With the ESTR data, I have computed the composition on EURIBOR periods 1, 3 and 6 months. The computation is done using the open source code that I have posted in February 2018. The ESTR compounded rates are then compared to EURIBOR and median is computed (using code posted in Marc's Analysis repository:

The historical time series of ESTR compounded are represented graphically in the figures below. The full data is also available in the analysis repository described above.

Figure 1: Time series of EURIBOR and (pre-)ESTR compounded with 1-month underlying period.

Figure 2: Time series of EURIBOR and (pre-)ESTR compounded with 3-month underlying period.

Figure 3: Time series of EURIBOR and (pre-)ESTR compounded with 6-month underlying period.

As can be seen in the data, there was very little volatility in ESTR and in EURIBOR and consequently very little volatility in the relevant spreads.

Let's look at the 1-month, 3-month and 6-month tenor spreads against ESTR compounded in arrears. The medians are 7.95 bps, 12.41 bps and 18.06 bps. Those medians are the relevant figures for the ISDA fallback methodology. Those spreads imply a 6-month/3-month basis spread of 5.65 bps.

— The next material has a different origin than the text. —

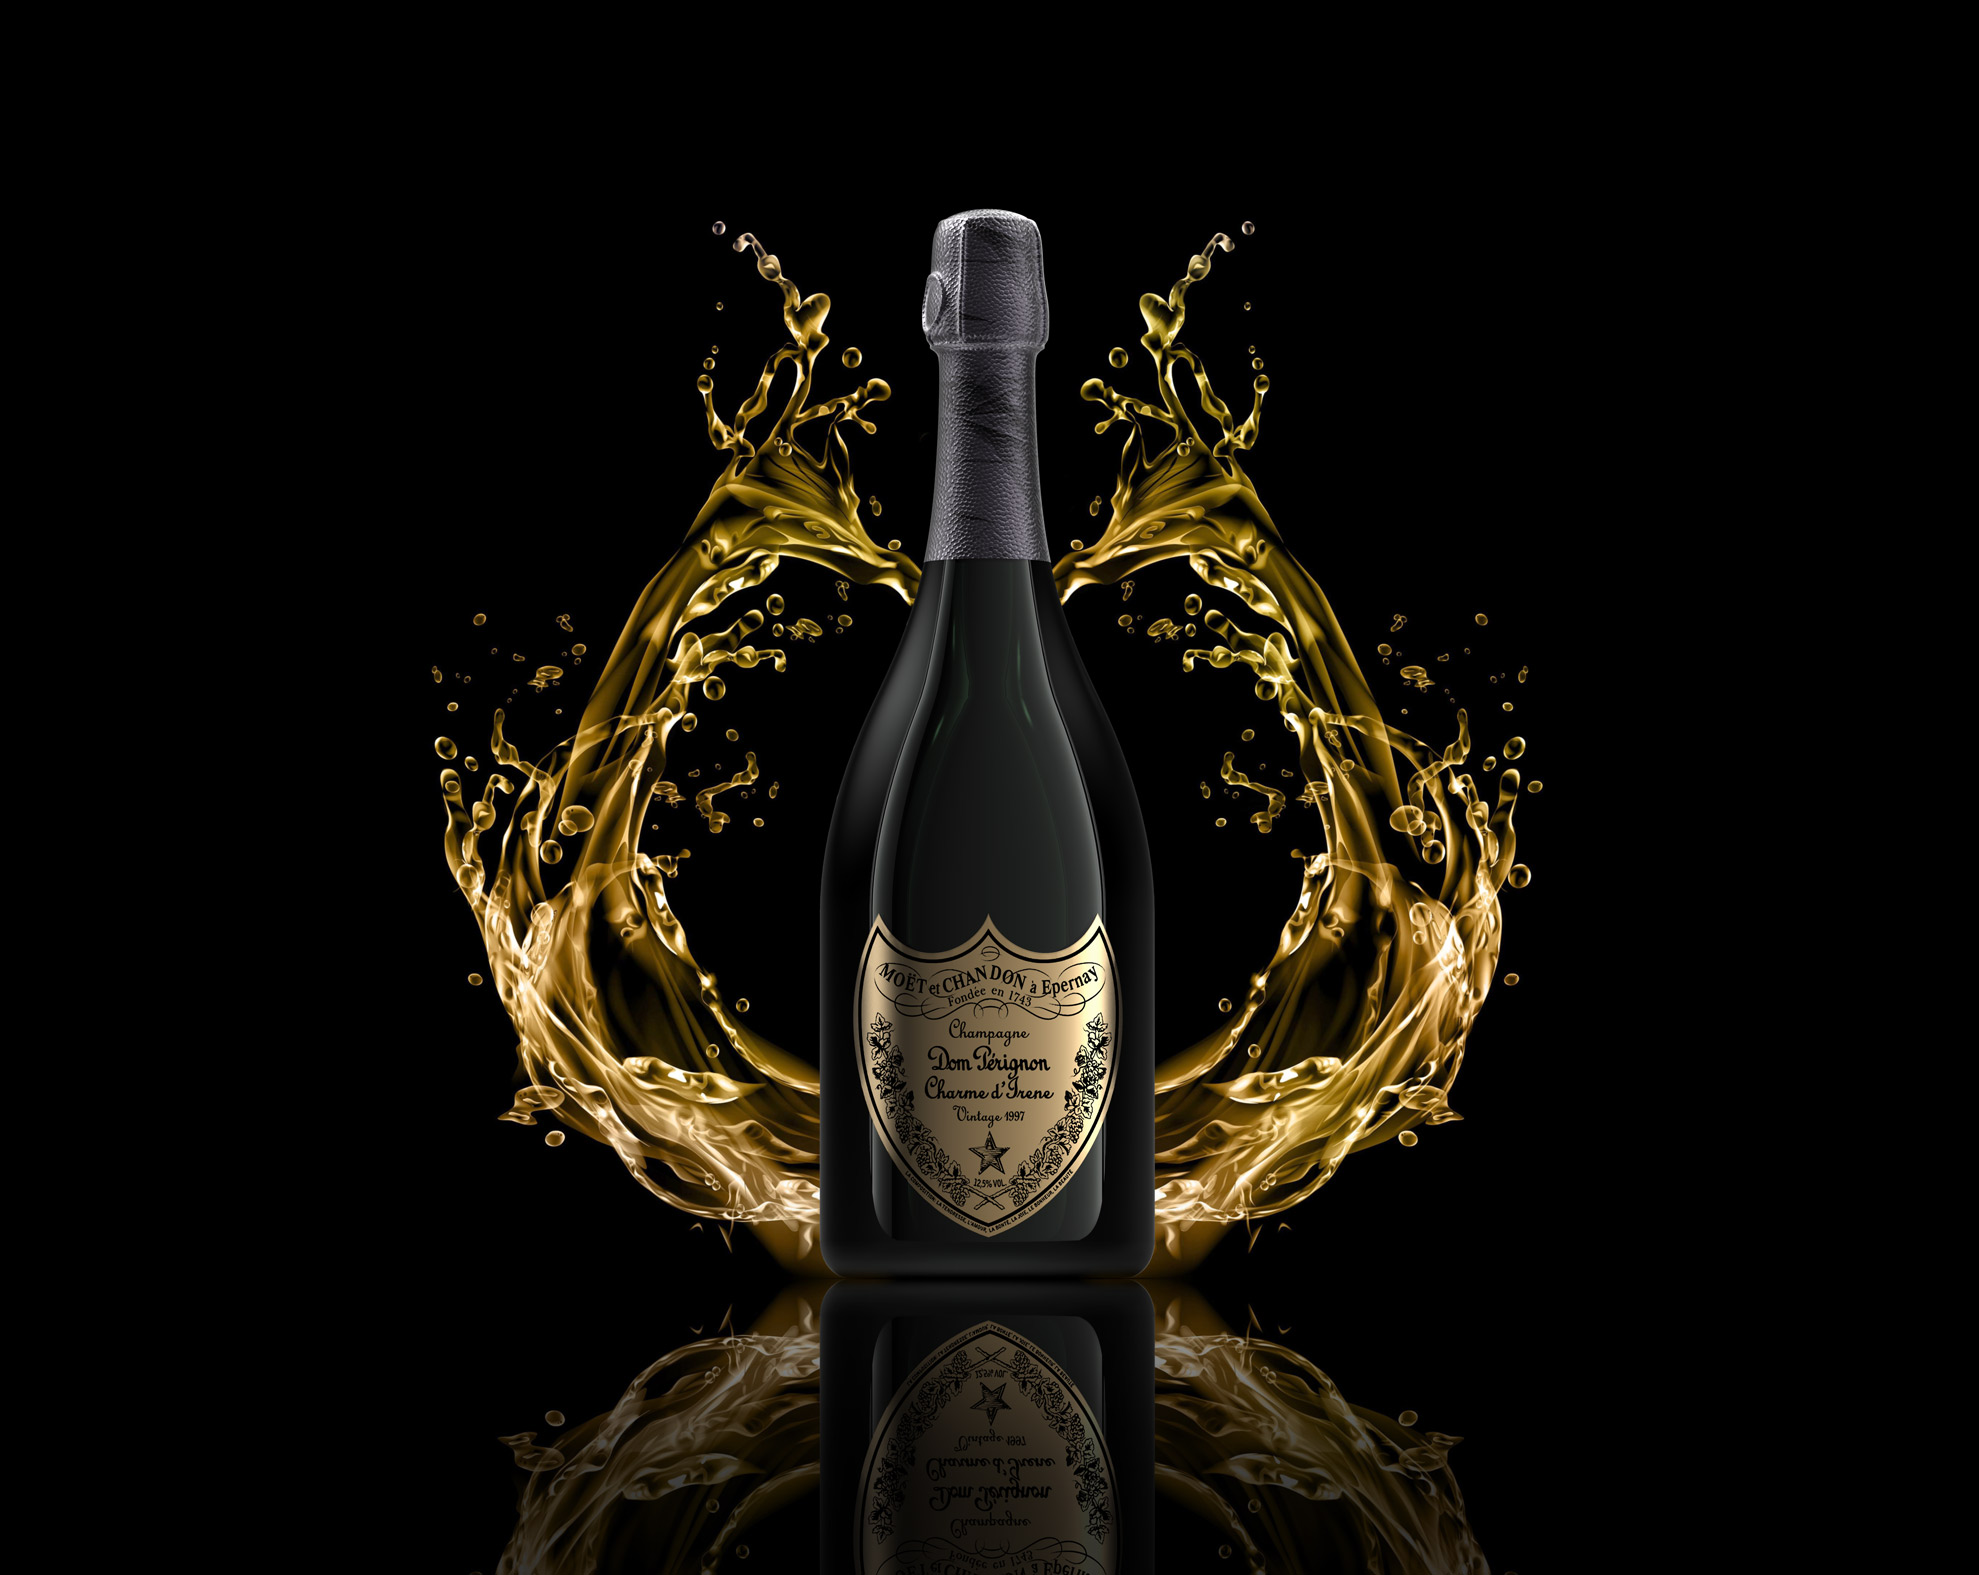 Dom Pérignon- The taste of luxury
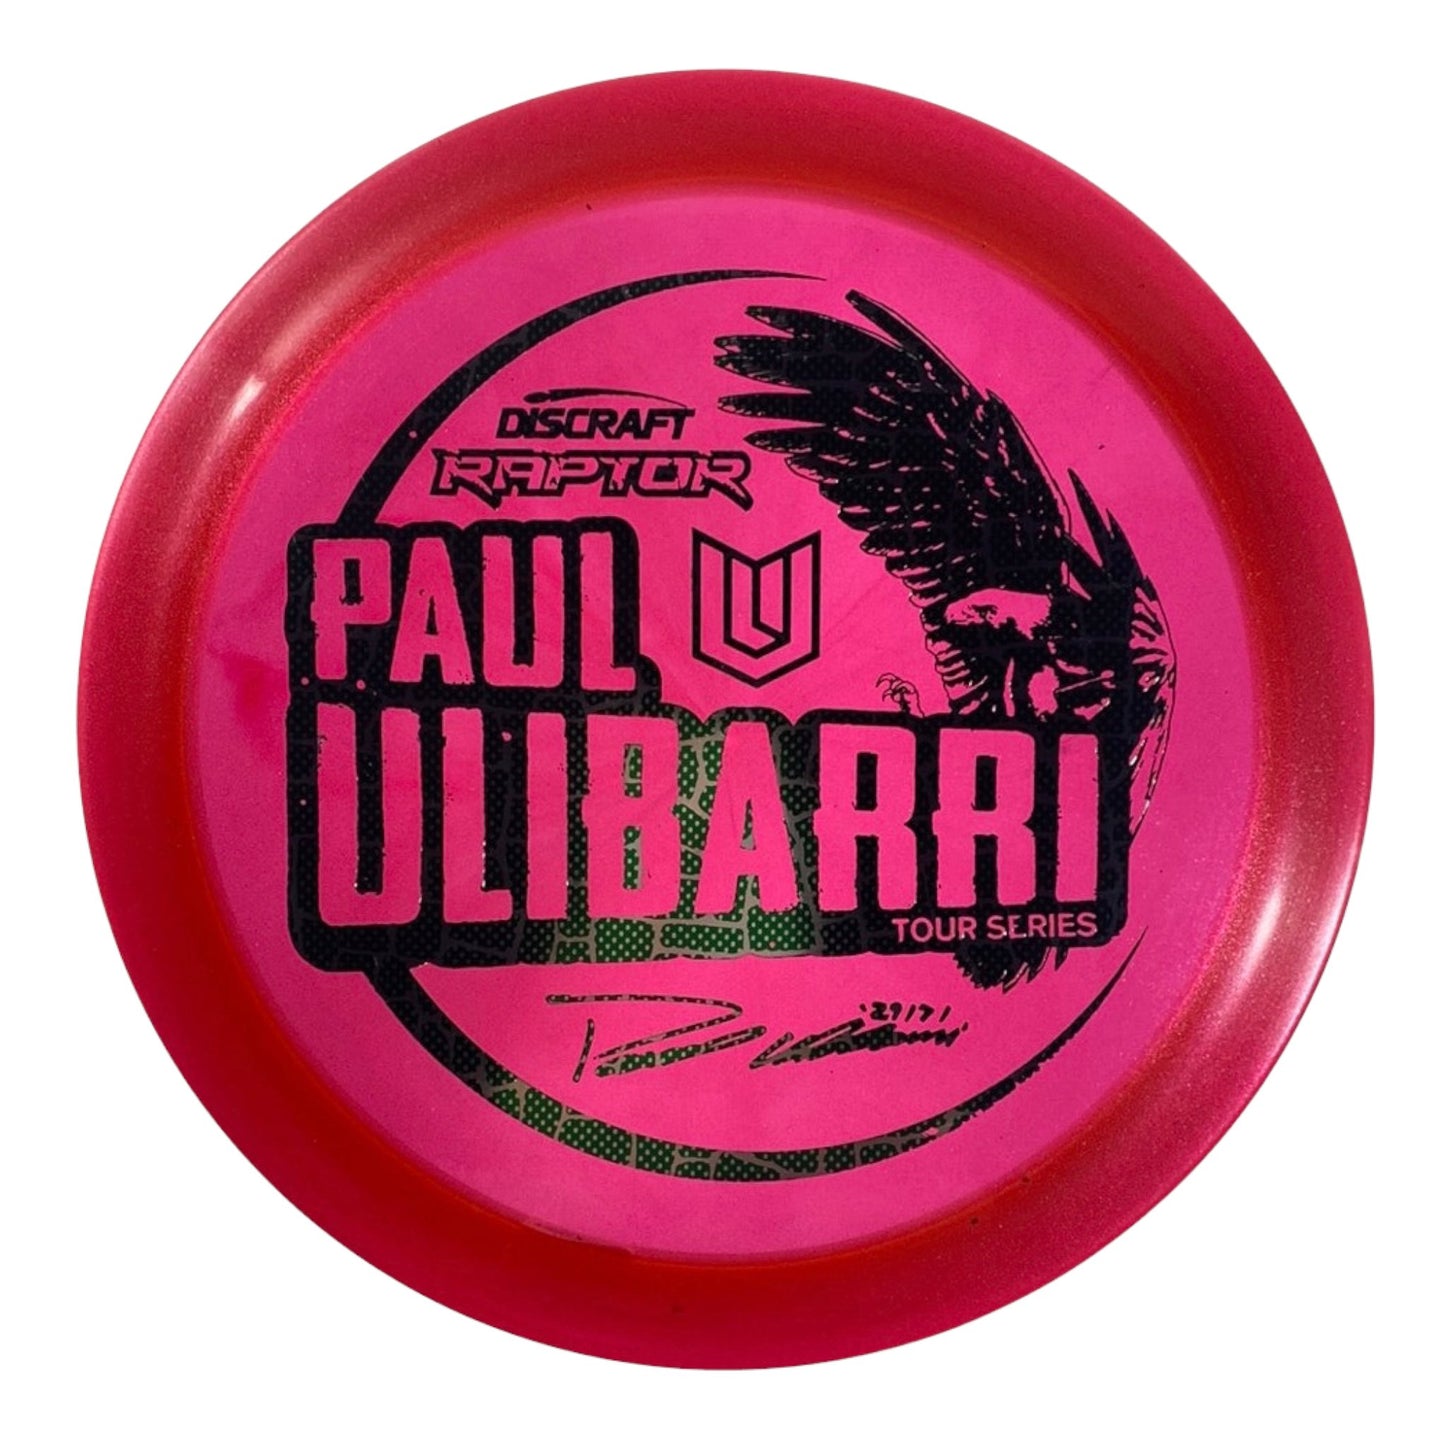 Discraft Raptor | Metallic Z | Red/Green 174g (Paul Ulibarri) Disc Golf

What is the market saying? Looking at the 10-year tenor basis swaps, we see a spread of around 6.20/6.50 bps. That seems roughly in line with the above computed spread. Two possible explanations for that figure: the market believe in the imminent fallback of EURIBOR to ESTR using ISDA proposed methodology for the spread or this is a coincidence. To decide between the two, let's look a the spread curve shape. If EURIBOR fallback to ESTR + spread in the next 10 years, the fallback being definitive, it will still be there in the 20 following years. What is the 30-year tenor basis spread? The spread is just below 3 bps. A back of an envelop computation give a spread of around 1.25 bps for the 20 years between 10 and 30 years. Definitively the market does not indicate an expectation of the ISDA proposed fallback to apply to EURIBOR in that period.

Maybe we are missing something in the computation. The market may expect the spread implied by the realized LIBOR/ESTR fixings to decline to a small figure in line with the long term quoted spread. But the spread for the 10-year tenor basis swap is around 6.5 bps, the market expect that spread to be realised, so it expect that the spread on the ISDA proposed 5-year look-back spread will be around that figure.

We are oversimplifying the story in the above paragraph. The market 6.5 bps is an average in the risk neutral measure but the historical spread is a median in the historical measure. Can the difference between the two explain the difference? If yes, would it make sense to try to statistically arbitrage this difference?

Another issue is that the ISDA proposed spread is based on realised spreads between forward-looking LIBOR and realized backward-looking compounded ESTR. The spreads contain the credit and liquidity spreads but also the misestimation by the market of the forward looking rates with respect to the backward looking ones. The market may have an estimation of the market misestimation that explain that difference (!).

We are digging quite deep to try to find an explanation. Even if the above explanations are theoretically possible, they seem far fetched. The best explanation seems that
The market does not believe in ISDA proposed fallback for EURIBOR in the next 10 years!

Is it the expectation of a different fallback or the expectation of the EURIBOR to survive for another 10 year? We don't know. We expect EURIBOR to survive at least to 2027 (2022 + 5 year) if a clean transition (including a clean fallback) is not developed in the mean time.

Note: Other long term spreads do not match our computed median spreads:
1Mv3M: historical 4.46 bps - 30Y basis swap 2.3/2.9 bps
ESTRv3M: historical 12.41 bps - 30Y basis swap 8.5/9.1 bps

Maybe there is a way to make money on EURIBOR fallback.